2 responses to “Review: Mission Zhobia

  1. Frauke de Weijer 22/06/2017 at 6:50 am

    Dear Dr Rex Brynen,

    Thank you very much for discussing our game Mission Zhobia: Winning the Peace in your blog! It is really good to see it is being picked up across the world, and it would be fantastic if you would indeed integrate it in your course at the University.

    We would like to offer a quick answer to your last point about the guidance for trainers. The reason we did not integrate this into the website is because our consortium members are all training institutes themselves. They will integrate it into their own training programs, and develop their own pedagogical material around it. However, as we put it out online for all to use (with the exception of commercial training institutes, who we expect to make a contributing to the running costs of the game), it may be worthwhile to still consider putting some guidance up for institutions such as yours. We will take it into consideration again in our future consortium meetings.

    best regards,
    Frauke de Weijer & Peter Cross
    PeaceNexus Foundation

  2. Rex Brynen 22/06/2017 at 2:18 pm

    Thanks for the comment on my comments!

    In my experience many humanitarian and peacebuilding organizations do a very poor job of debriefing simulations–typically, much worse than universities.
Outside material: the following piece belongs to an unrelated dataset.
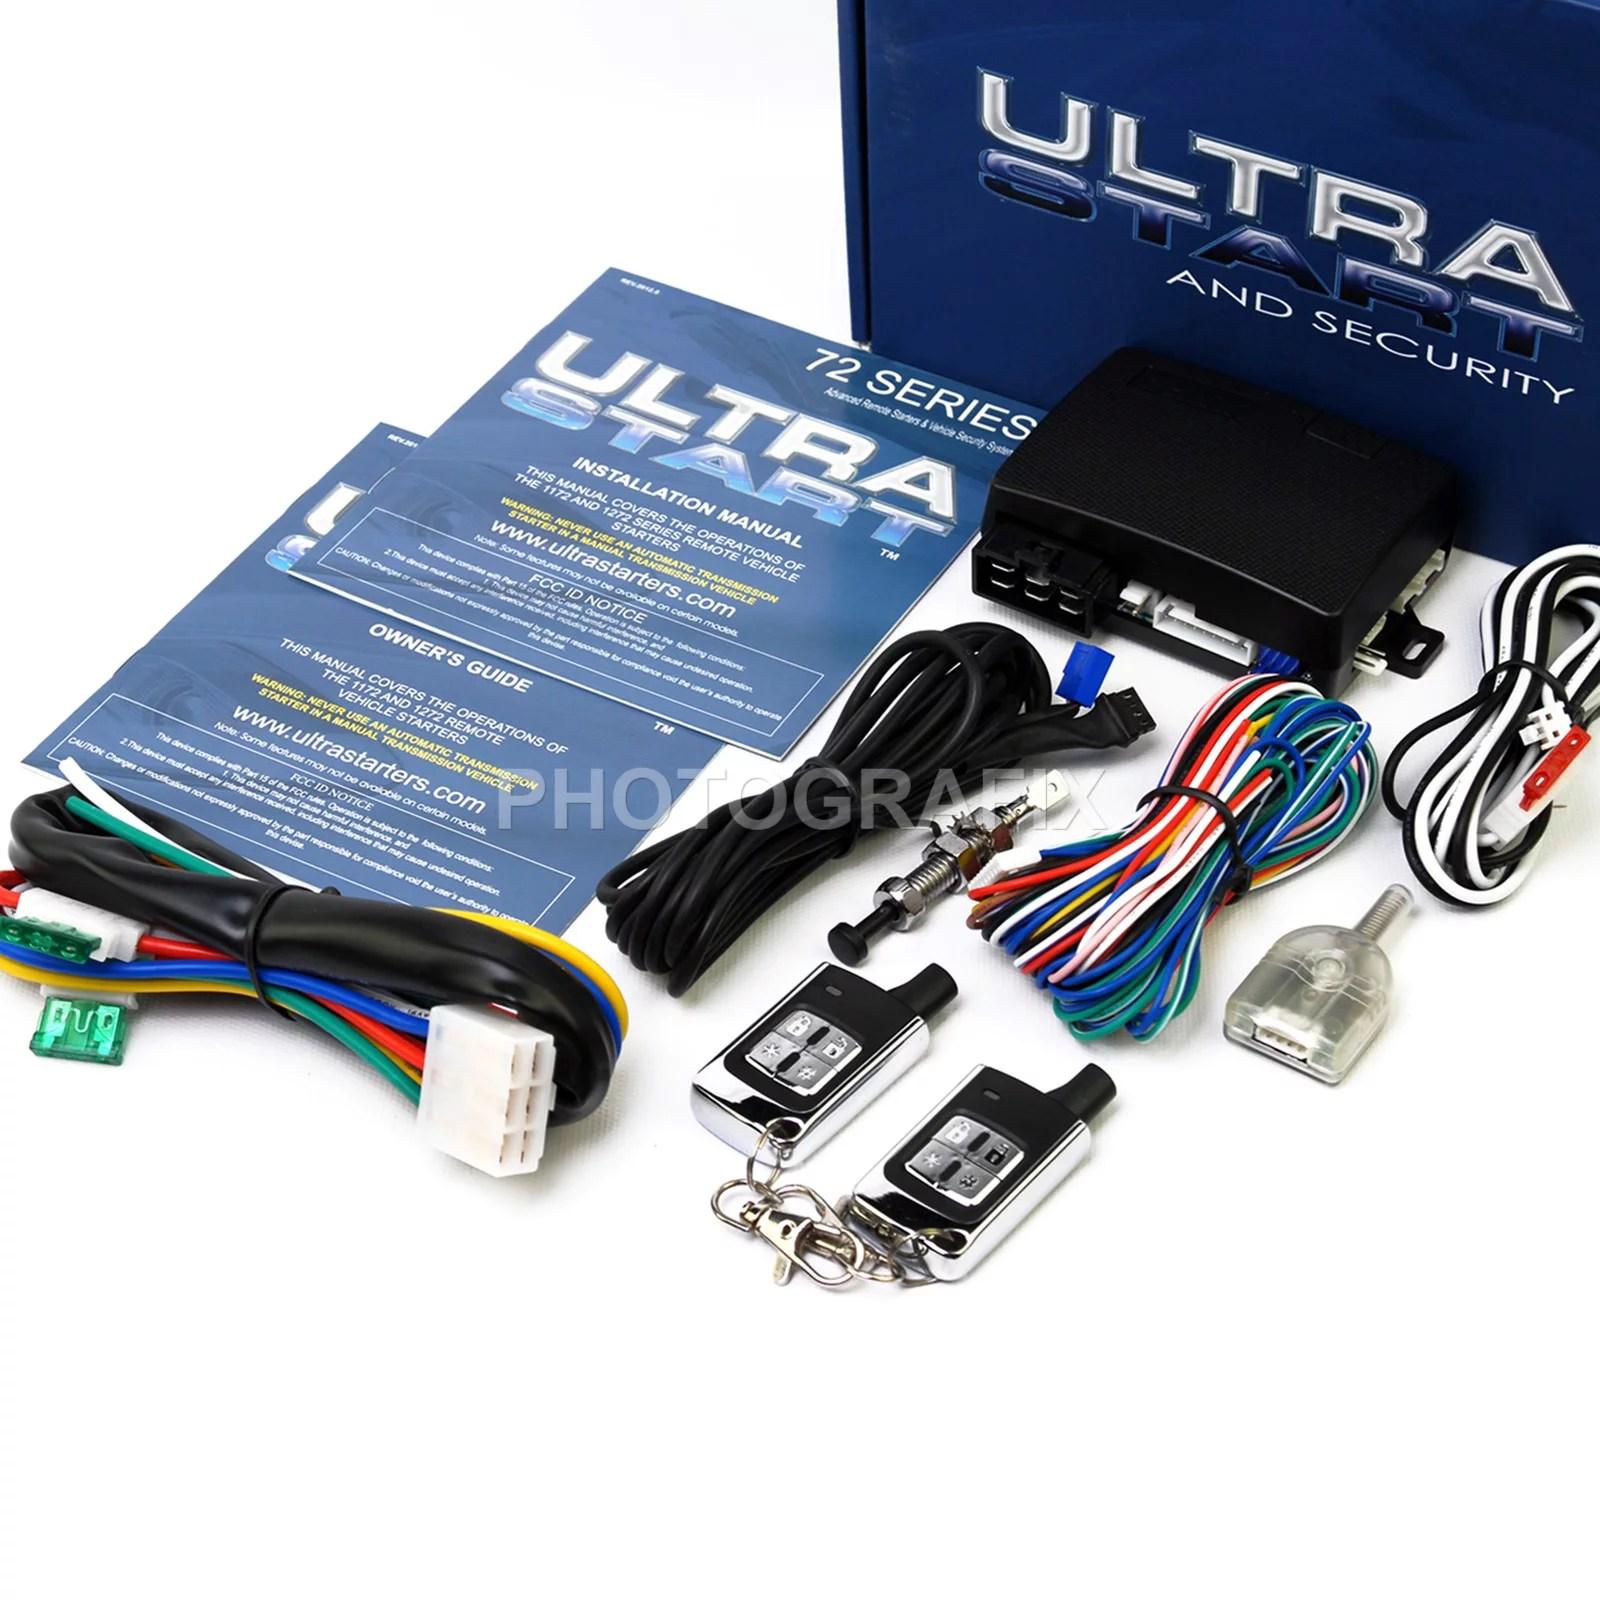 Ultra Remote Start Wiring Diagram Diagrams Avital Shapely Xr Pro Keyless Auto Car Starter Rh Gm

Consequently, developing some recommended best practices would probably be quite helpful, especially if you develop other games going forward.

    ECB, of course, did a major project on humanitarian simulation a few years back (http://www.ecbproject.org/ecb/the-ecb-project-case-study-simulating-the-worst-to-prepare-the-best-a-study-of-humanitarian-simulations-and-their-benefits). However, while this repeatedly mentioned the importance of curriculum integration and debriefing, it offered very little guidance on how to do this well.